I had agents build out all three approaches². The arena-based implementation came out on top: simplest implementation (no unsafe), shortest GC pauses, and overall performance profile was satisfactory.

I wouldn't have gone down that route if I had trusted my initial bias (position-based) and jumped straight to implementation.

Example 4: Low value-per-line abstractions

Some abstractions are useful, but tedious to write. I like to say that their value-per-line is low.

Take this example: ~2,000 lines of Rust code to create a safe interface over Redis' RedisModule_Reply* FFI functions. The builder minimizes unsafe in downstream code (i.e. just the constructor) and ensures that array and map lengths are correctly set.
The code is extremely repetitive, no sane dev would enjoy hand-writing it; nor should they, the return on investment would be miserable. But it makes perfect sense to have an agent produce it! You have ruled out a whole class of minor mistakes with a modest token investment.

Example 5: Pay off tech debt eagerly

Agentic coding works best with a closed feedback loop: the agent writes code, an automated check verifies it, and the agent iterates until the check passes. The tighter this loop, the more you can trust the output.

This reframes small tech debt items as investments in your verification infrastructure. Tightening the type constraints in a module, improving test coverage, enabling a new class of static analysis: these were always "nice to have", but rarely worth pulling someone off other work. Agentic coding changes the equation: small clean-up tasks are easy to execute, easy to test and deliver obvious value.

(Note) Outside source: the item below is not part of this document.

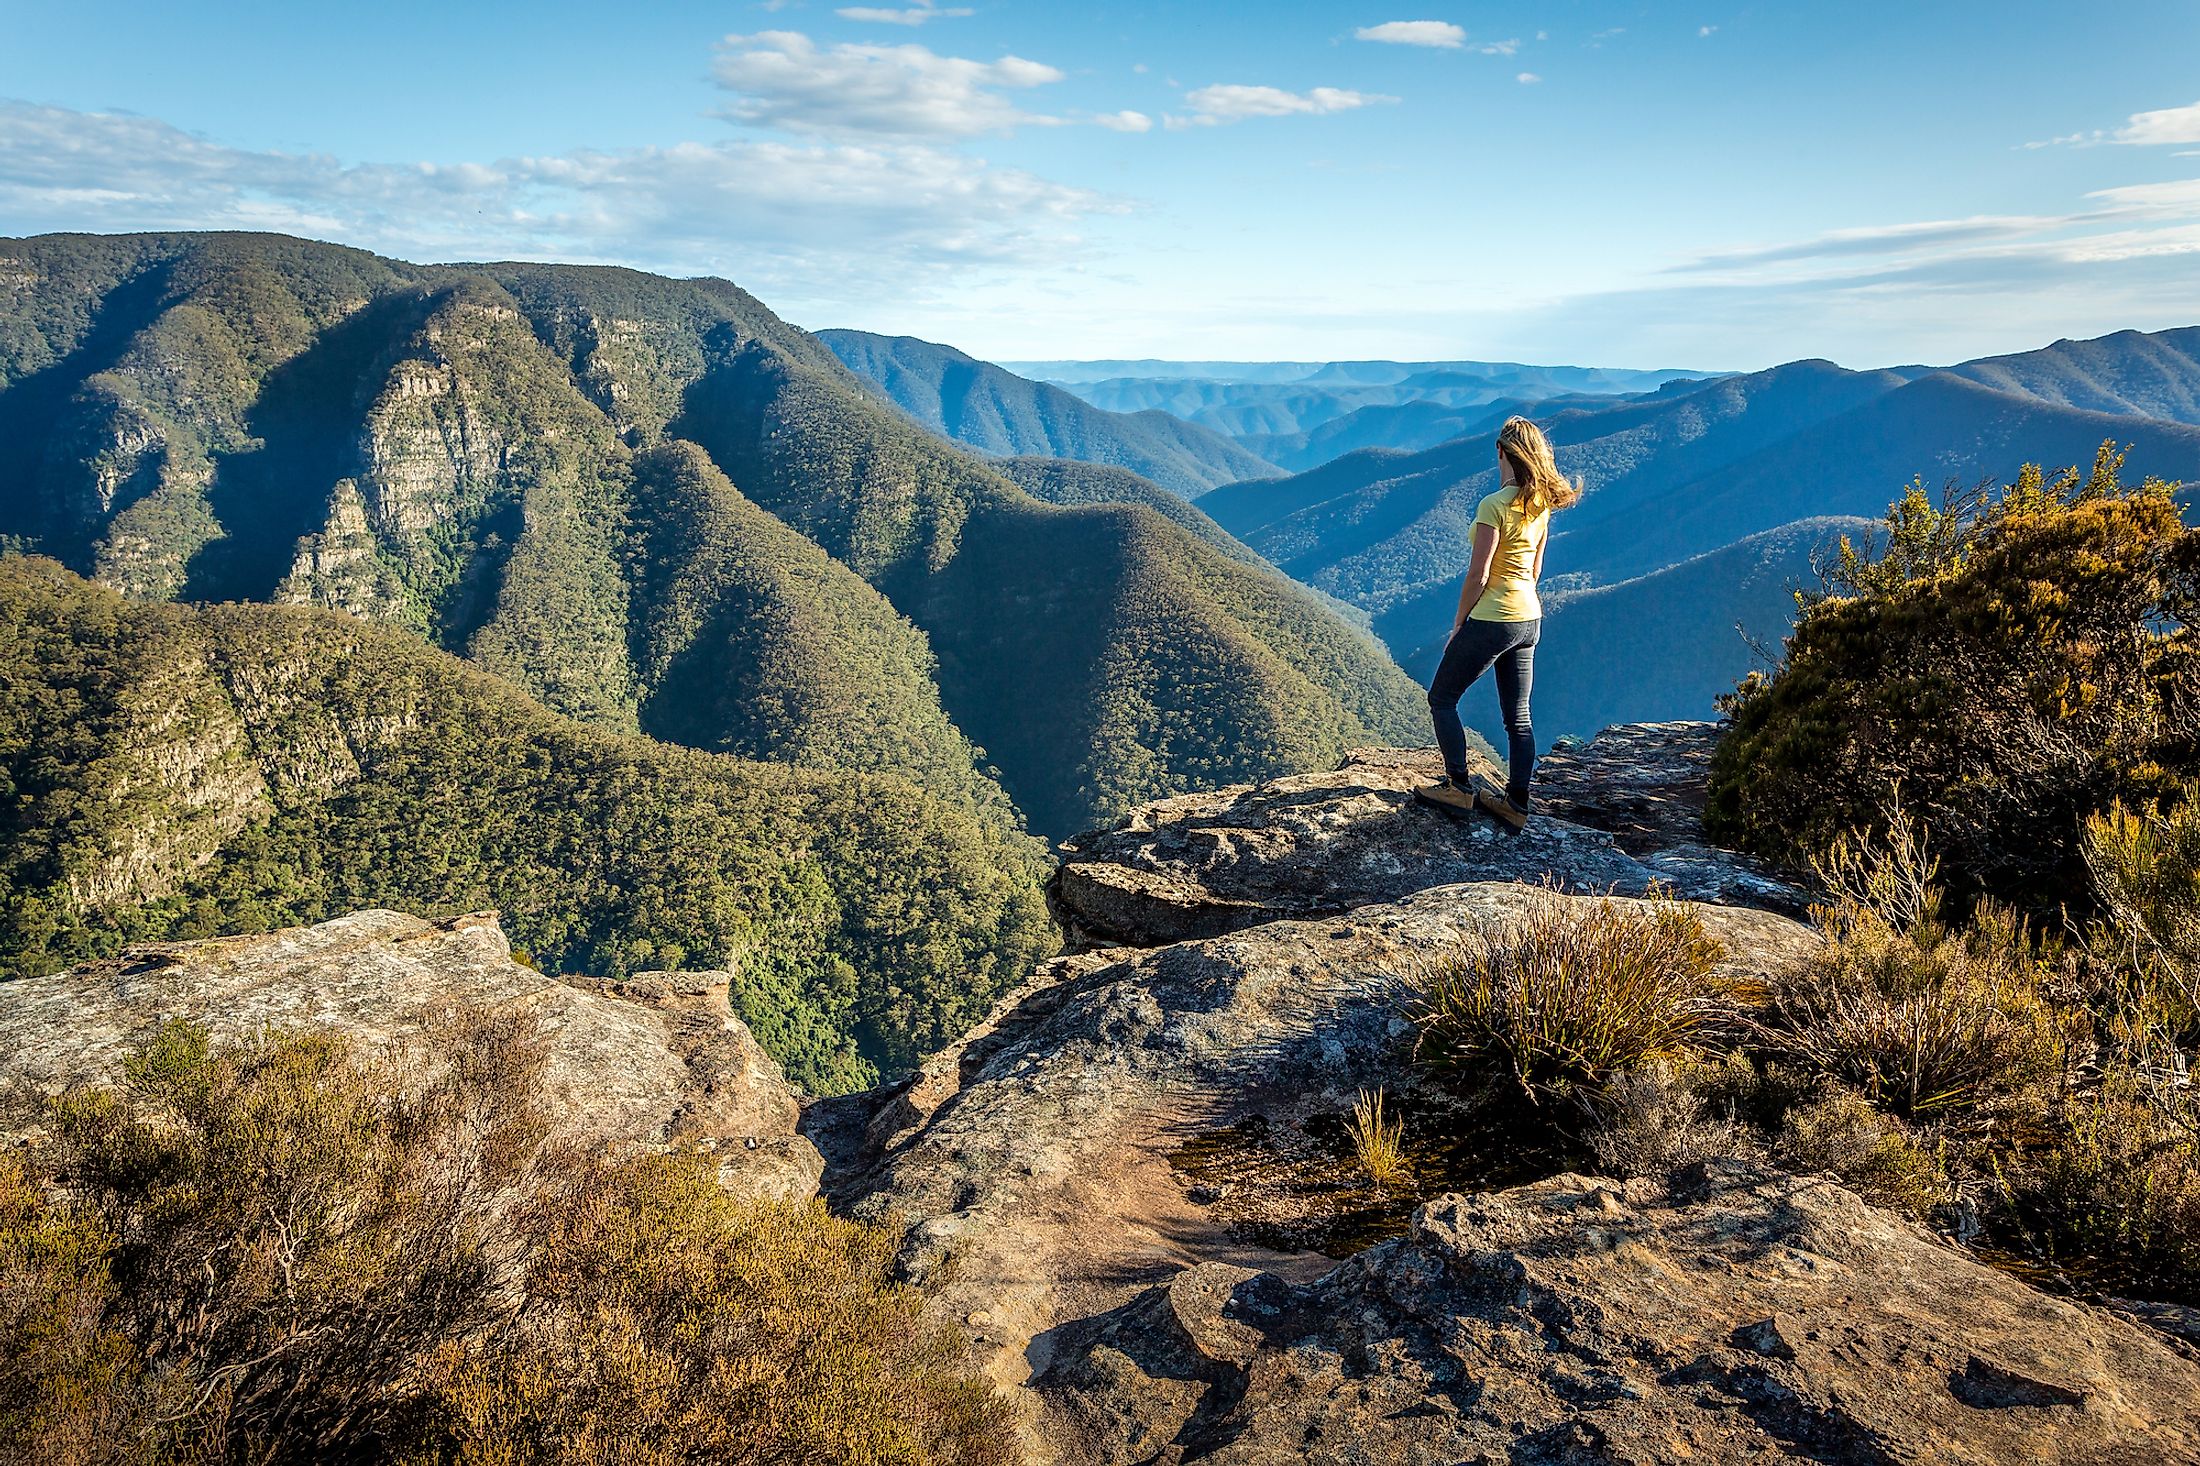 A female hiker on the mountains of the Great Dividing Range.

Case in point: migrating small chunks of C code to Rust to bring more code under the purview of Rust's borrow-checker and miri³. Each migration is a small task, easy to pull off for an agent. But the cumulative effect compounds: more code under static analysis provides a more reliable signal on whether changes are correct, thus speeding both agents and humans up.

What's next?

These are just a few examples from my day-to-day work. I have no grand theory about where we're heading as a profession, but I don't think agentic coding spells the death of software engineering, nor of craft. If anything, it raises the bar on engineering discipline: organizations and systems where quality matters will invest more in verification, tooling, and feedback loops to extract real value from agentic workflows⁴.

This is a great time to experiment, and get excited about what's possible.

Footnotes

The Outcome Engineering manifesto calls this "Failures are Artifacts": "Opinions are conjecture; outcomes are data. When an outcome fails, do not simply rollback. Dissect the failure. Understand why the hypothesis was wrong."

But how can you trust the generated prototypes? You must lay out the groundwork in advance! In this case, I had a comprehensive test suite in place, exercising the data structure exclusively via its public API, as well as end-to-end tests for the GC part. Correctness-wise, the verification loop was tight.

miri is a tool to catch undefined behaviour in Rust programs. It can't reason about code that crosses the language barrier via FFI, which greatly limits its usefulness in mixed language codebases.

⁴

Bryan Cantrill, Adam Leventhal, Rain Paharia, and David Crespo discuss this at length in Engineering Rigor in the LLM Age (Oxide and Friends).